═══ STUDY MATERIAL

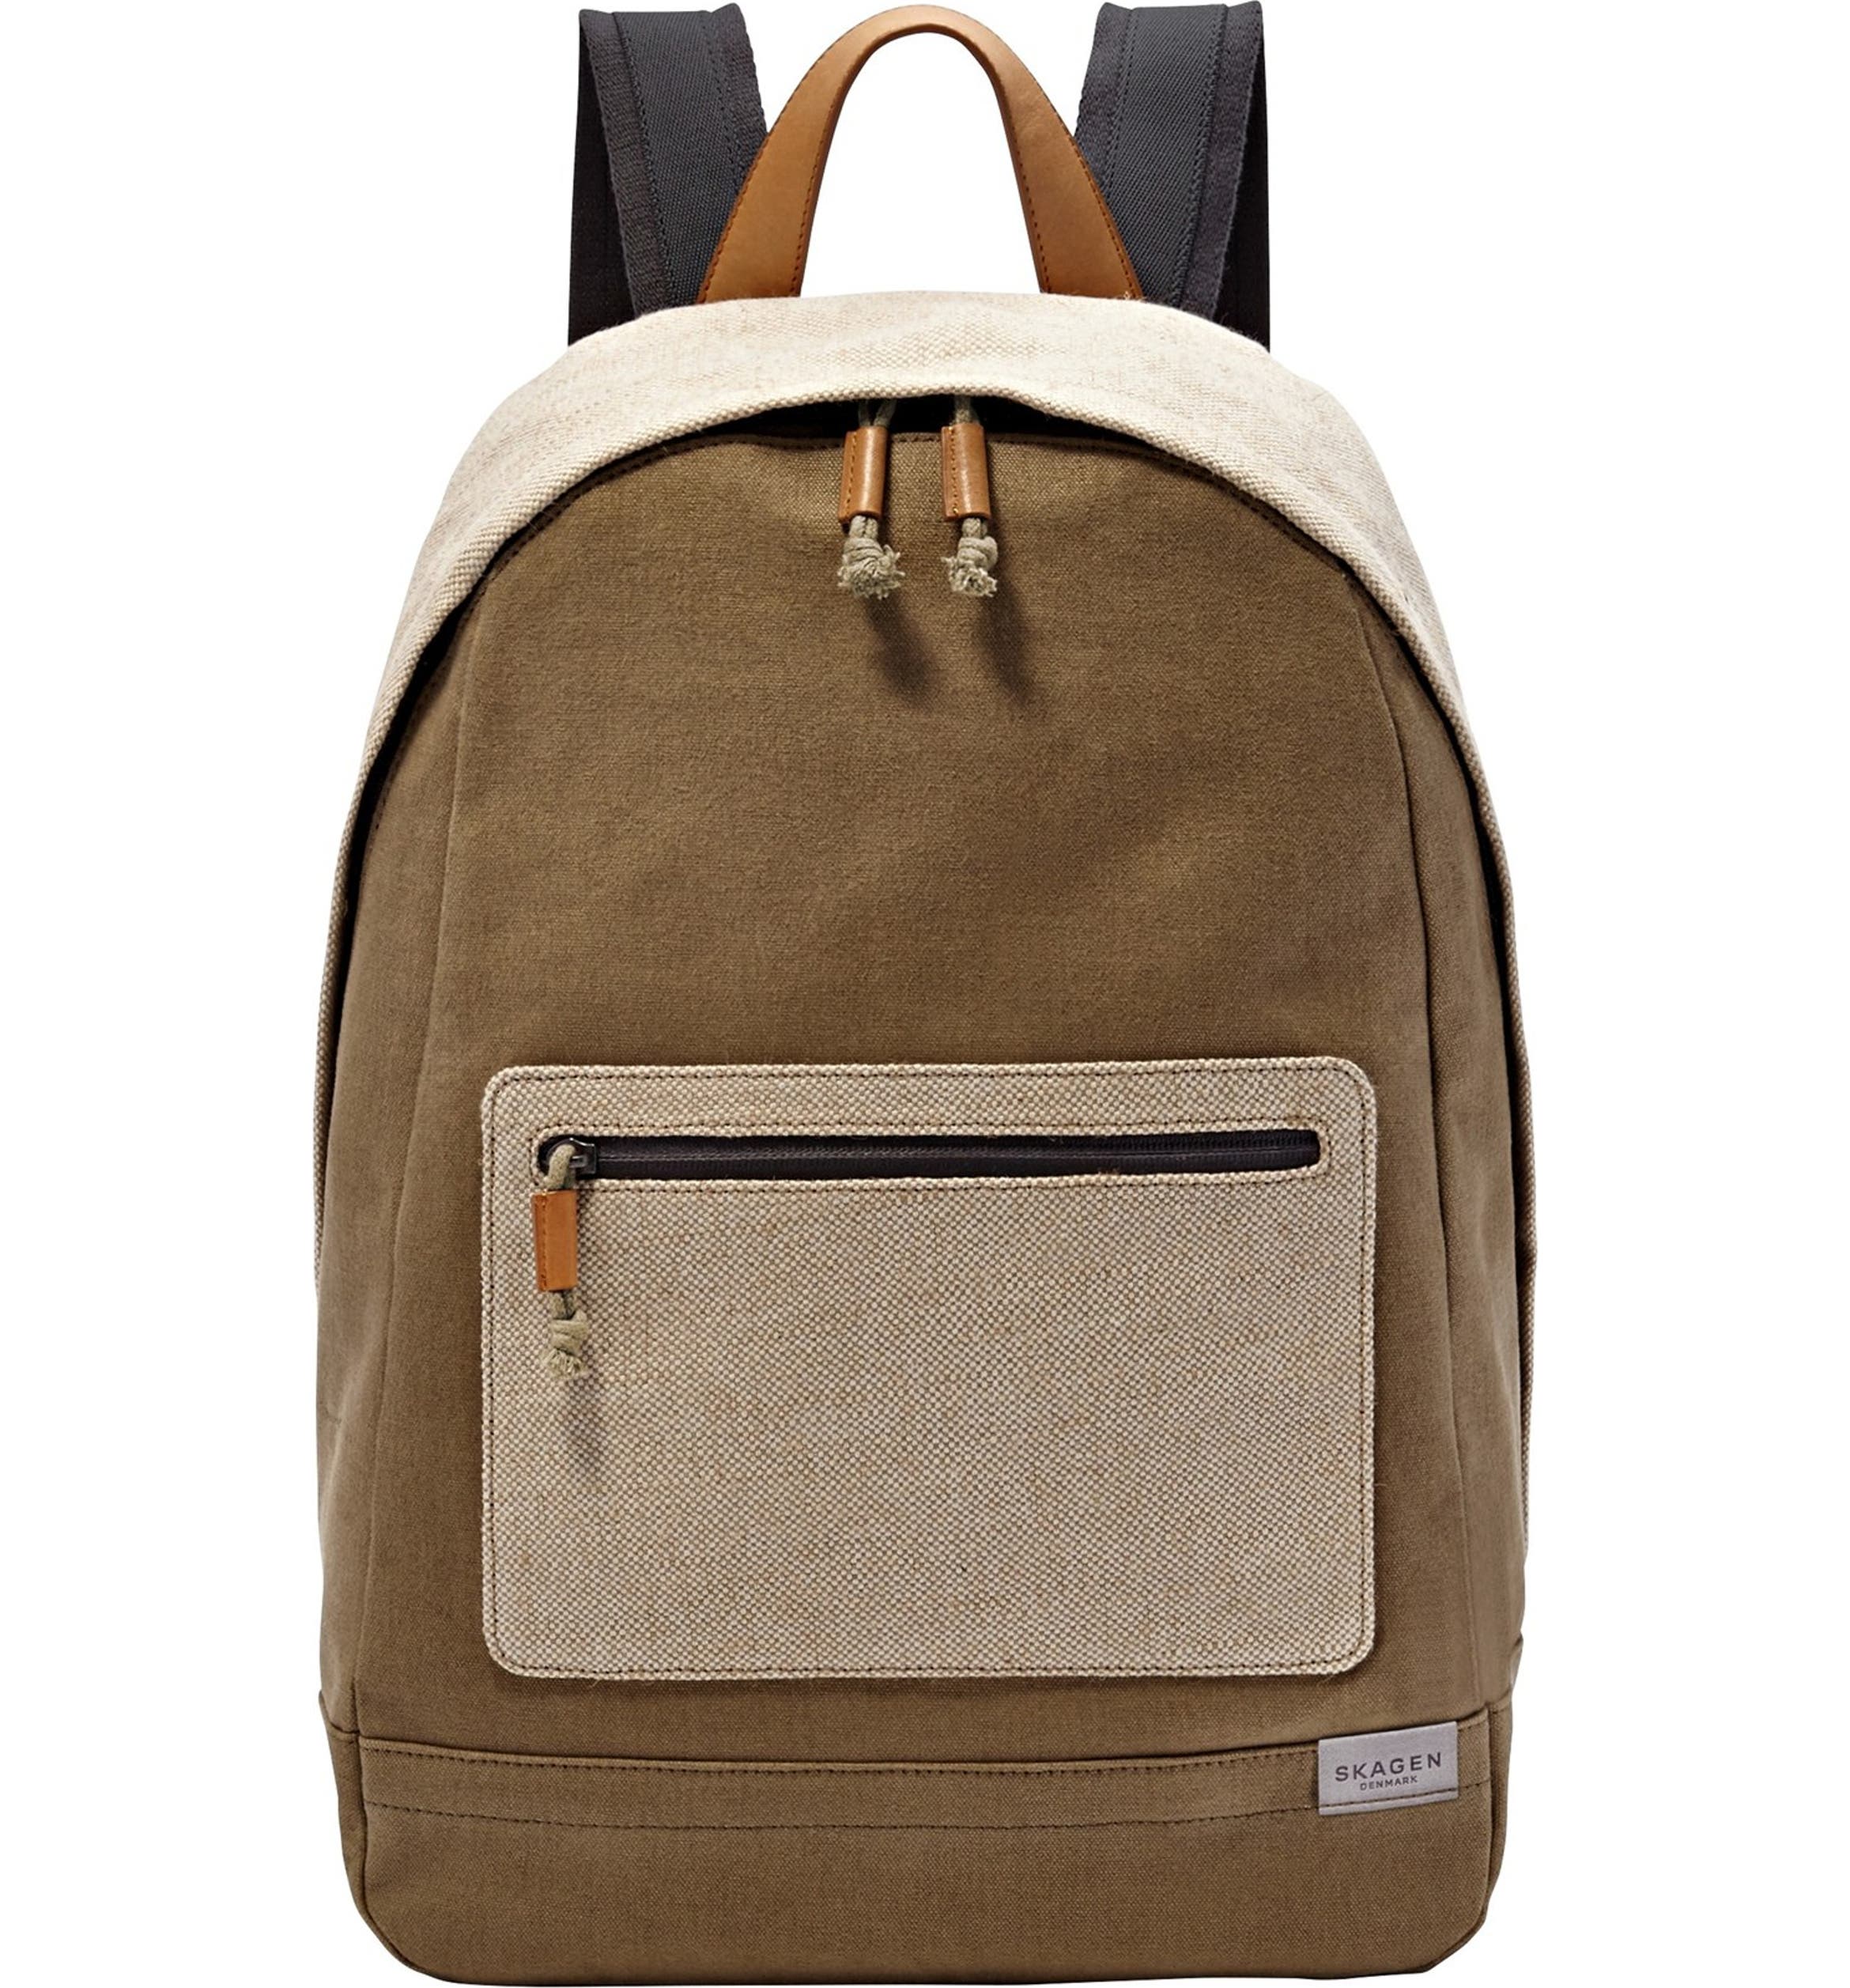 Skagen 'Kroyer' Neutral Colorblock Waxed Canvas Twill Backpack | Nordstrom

══════
═══ STUDY MATERIAL

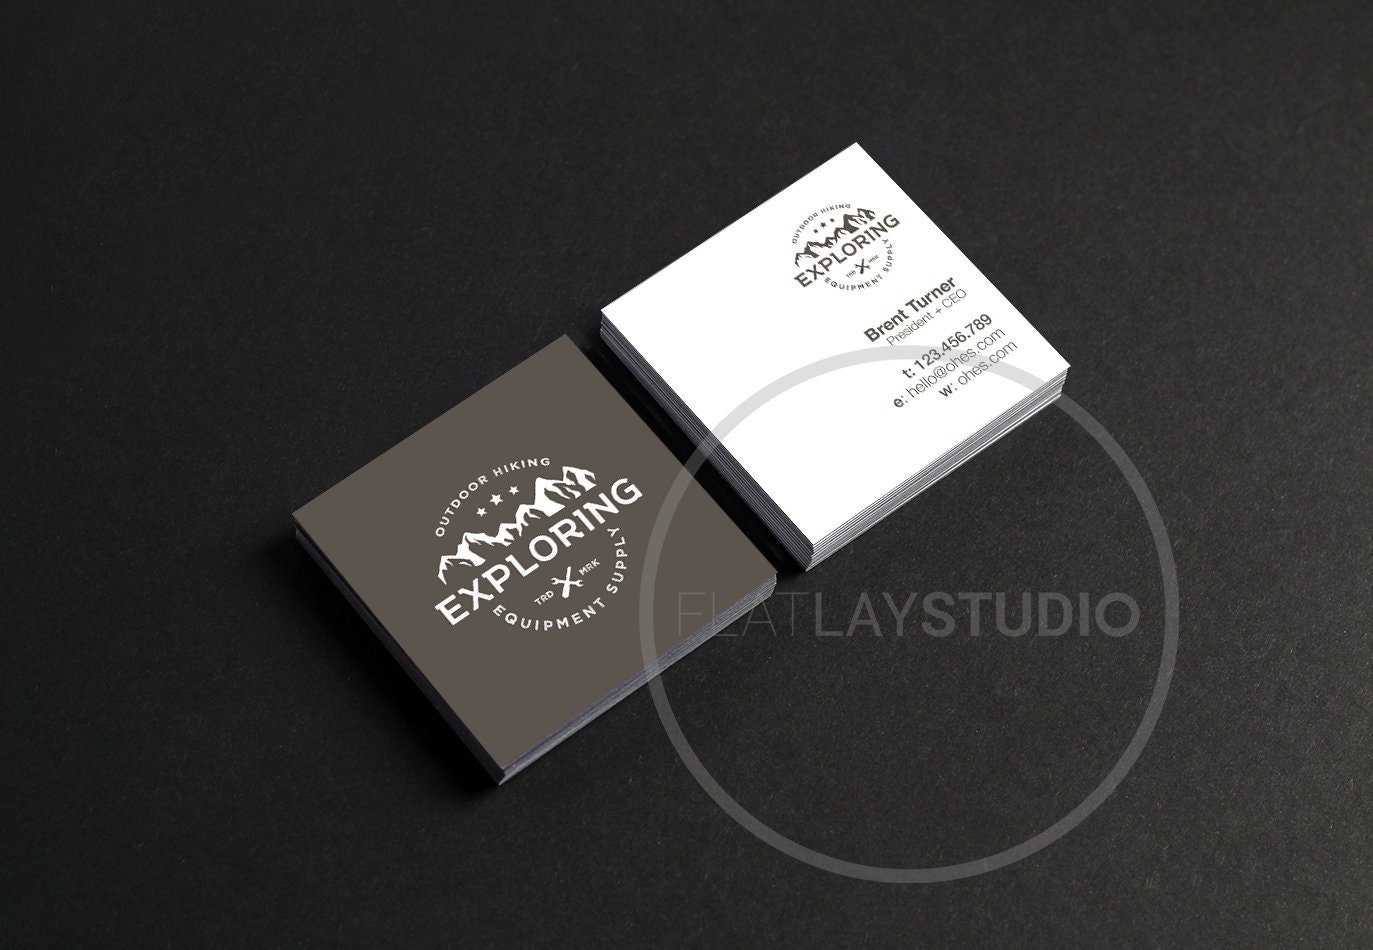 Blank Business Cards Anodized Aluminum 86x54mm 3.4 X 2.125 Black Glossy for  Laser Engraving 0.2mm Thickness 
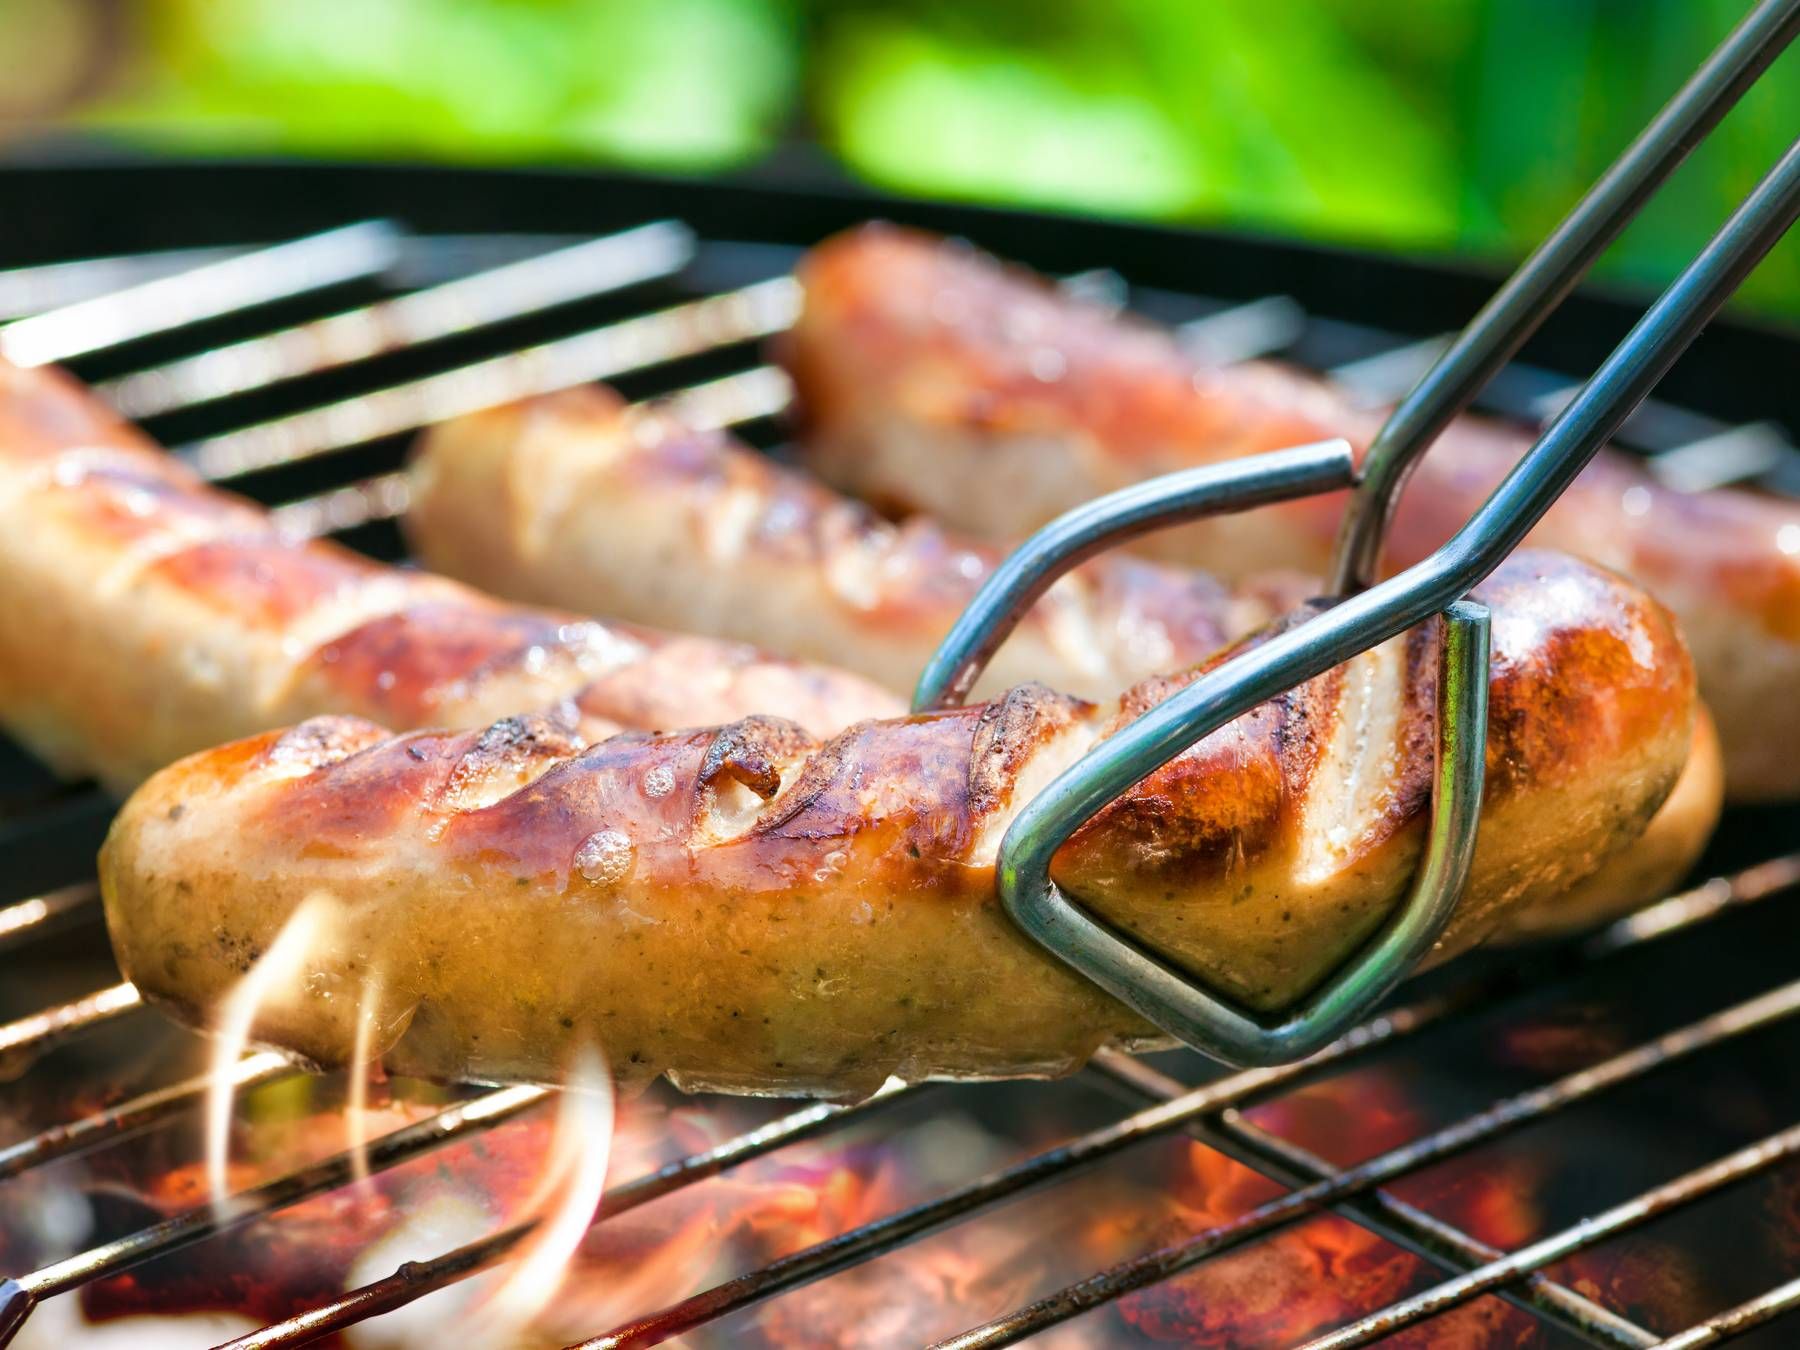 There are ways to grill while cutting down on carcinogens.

══════

ASSIGNED TASK - Only the lines above starting with the line with "Blank Business Cards" and going on through the line with "There are ways" belong in the answer; repeat them exactly, minus any picture.

RESPONSE BELOW -
 Blank Business Cards Anodized Aluminum 86x54mm 3.4 X 2.125 Black Glossy for  Laser Engraving 0.2mm Thickness 
 There are ways to grill while cutting down on carcinogens.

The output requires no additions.